Of the multitude of objectively fraudulent financial transactions, very few ware clearly described even though irresponsible dealing with foreign money was long manifest. The minimizing adjectives “speculative” and “dubious” are products of legal reflections.

A reproach of fraud, naming the cause by its true name, can have awkward consequences nowadays for those who levy it, especially when political decision-makers and persons with great capital are involved in the “dubious” financial transactions. Because of the abundance of these cases, an overly clear language would be very detrimental for the belief in market control and the self-healing powers of the market. This belief was shaky anyway.

The escalation of “dubious” financial practices has a long history and mirrors the history of the “policy of globalization” that goes back to the 1970s. Dismantling financial market- and capital transactions controls began at that time. These controls were introduced in the 1970s as a reaction to the 1929 breakdown of stock market speculations. The lessons from history were cast to the wind again in the 1970s.

The accompanying ideological music for the economic “innovations” that cast capitalism in western industrial countries back to the pre-Keynesian level was played for the triumphant advance of the neoliberal market religion. The direct profiteers who boasted of “innovative financial products” and political and official opinion-makers had shining eyes when they praised the “efficient” market that brings capital to the most diligent investor and the most profitable investment.


In English-speaking countries, there is a kind of generic term – “Ponzi scheme” – for “dubious” or “speculative” financial transactions that is not shy of referring to criminal, fraudulent transactions and/or transactions by embezzlements. The name “Ponzi” has also recently turned up in the German media. The little-noticed US economist Hyman Minsky (1916-1996) predicted the (near-) inevitability of a financial crash decades ago.

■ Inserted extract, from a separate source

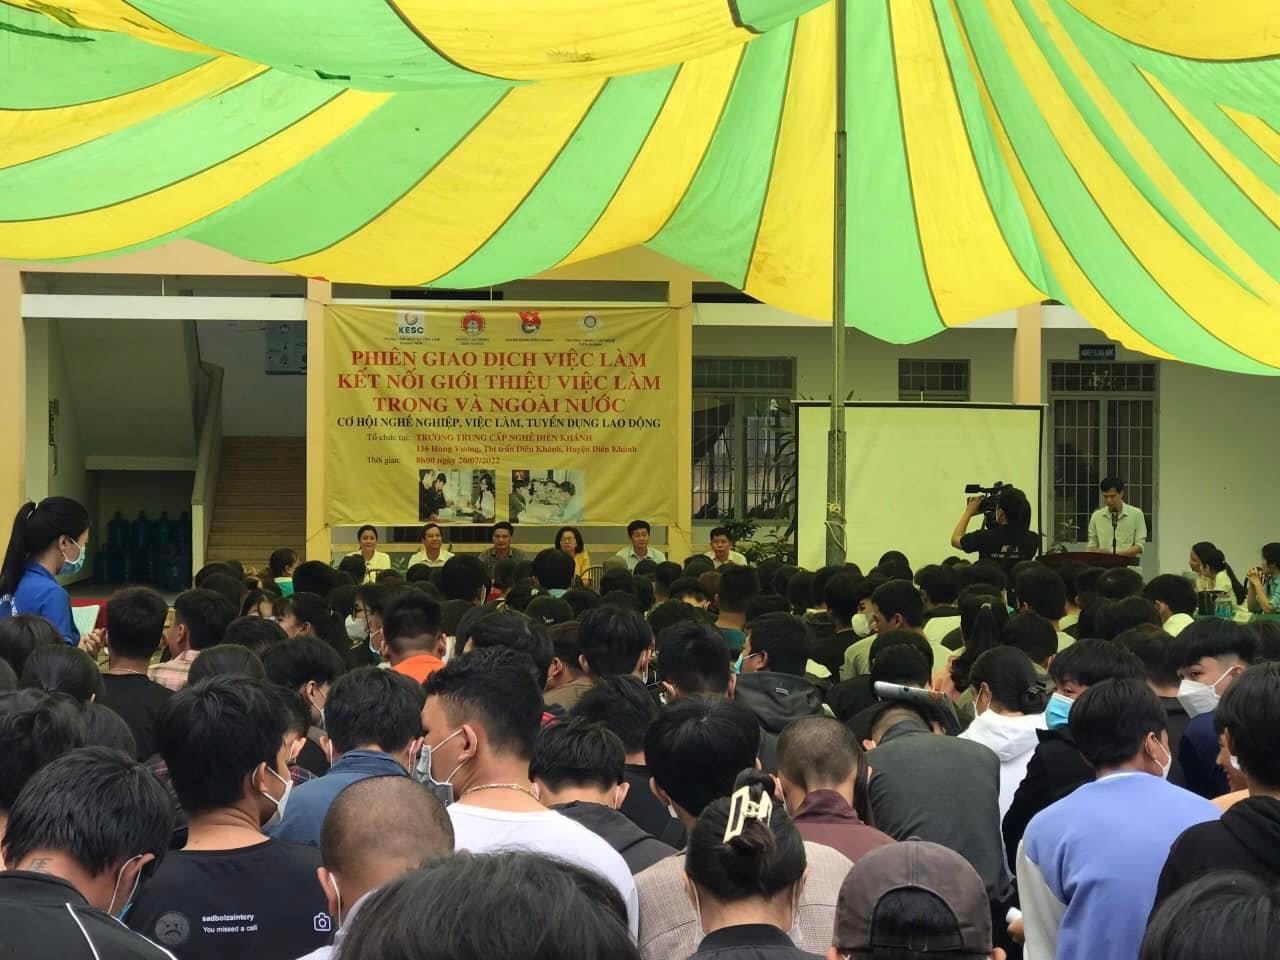 Một phiên giao dịch việc ở Khánh Hòa làm thu hút hàng trăm người lao động. Ảnh: Thu Cúc

The term “Ponzi scheme” associates fraudulent money transactions with the name of the criminal Charles Ponzi (1862-1949) who according to the Wikipedia Internet encyclopedia was “one of the greatest swindlers and deceivers of American history.” To quote Wikipedia, he was publically extolled “as a hero” with his deportation from the US to Italy in 1934. Among Italians – whether in the US or Italy – his veneration had a mythical dimension. “For forging a check in the amount of $423 with which he began his criminal career in 1907, he was imprisoned for three years. After his release, he discovered chances of becoming rich with snowball- and pyramid-schemes.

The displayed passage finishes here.